- Born: 1982 (age 42–43)
- Origin: Toronto
- Genres: Classical
- Occupation: Composer
- Instrument: Double bass
- Website: adamscime.com

= Adam Scime =

Canadian composer and double bassist (born 1982)

Adam Scime (born 1982) is a Canadian composer and double bassist based in Toronto, Ontario.

==Early life and education==
Scime was born in Hamilton. He studied at the University of Western Ontario, graduating with a BMus in 2007 and an MMus in 2009. He also attended the University of Toronto as a Doctoral student in composition, where he began a long association with the Esprit Orchestra by winning a contest organized by the group.

==Career==
Scime played bass on Jim MacDonald's 2005 album Weights and Measures.

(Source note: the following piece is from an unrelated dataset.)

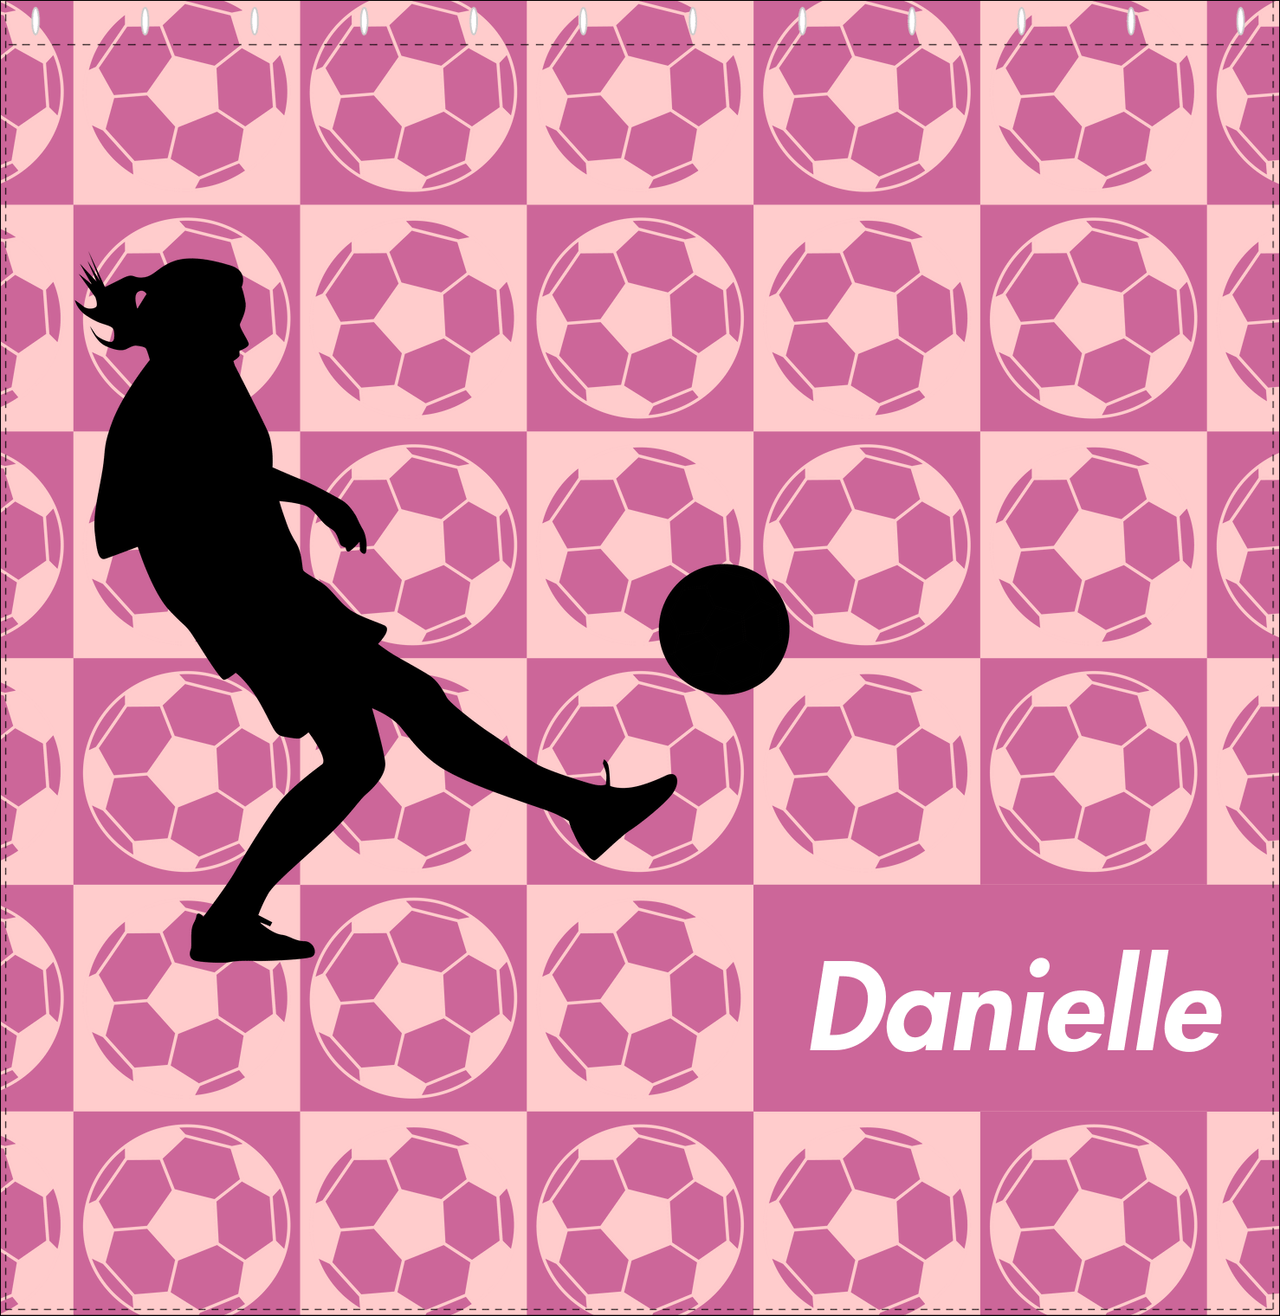 Personalized Soccer Shower Curtain XLV - Pink Background - Girl Silhouette VI - Decorate View

In 2012 Adam's piece Mirage earned third prize in the Sir Ernest MacMillan category of the Annual Society of Composers, Authors and Music Publishers of Canada Foundation Awards for Young Composers. Also in 2012 Adam's piece After the rioT was awarded the Karen Keiser Prize in Canadian Music. He has received commissioning grants from the Canada Council for the Arts, and the Ontario Arts Council that include works for Ensemble contemporain de Montréal, The Esprit Orchestra, Array Music, and New Music Concerts.

In 2015 Scime won the Canadian Music Centre Toronto Emerging Composer Award.

Scime became an associate of the Canadian Music Centre, and serves as music director for FAWN Chamber Creative in Toronto.